Packard, Elizabeth. Modern Persecution, or Insane Asylums Unveiled: As Demonstrated by the Report of the Investigating Committee of the Legislature of Illinois. New York: Pelletreau & Raynor, 1873.

This is Elizabeth Packard’s own publication on her entire experience from the bible class that gave her husband the desire to declare her insane to her life in the asylum, and her legal attempts to increase the protection of those in asylums. This source is extremely vital to this research for its invaluable firsthand accounts and abundance of writing from Packard herself.

Packard, Elizabeth. The Prisoner’s Hidden Life, or Insane Asylums Unveiled: As Demonstrated by the Report of the Investigating Committee of the Legislature of Illinois. Chicago: Packard, 1868.

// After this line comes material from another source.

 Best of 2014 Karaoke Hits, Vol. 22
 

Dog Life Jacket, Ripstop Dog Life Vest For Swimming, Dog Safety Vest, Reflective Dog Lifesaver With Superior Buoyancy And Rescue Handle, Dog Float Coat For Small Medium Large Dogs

Elizabeth Packard worked alongside the Illinois Legislature to create this primary source that combines her personal experience with that of the broader treatment of patients in insane asylums during the late 19th century. This source will provide further context on her experience and how she was able to get the state to listen to her story and pass legislation.  

Packard, E. P. W. “Depravity of A Clergyman.: The Wife of a Preacher Imprisoned Three Years on Pretense Of Insanity” Chicago Tribune (1860-1872), Jan 28, 1864.

This is a news paper article that Elizabeth Packard wrote when she was released from the asylum. This is an important document because it is one of the first accounts from her and it openly states how her husband mistreated her and wrongly committed her. The content of the article is what is interesting since she was a woman openly berating her husband.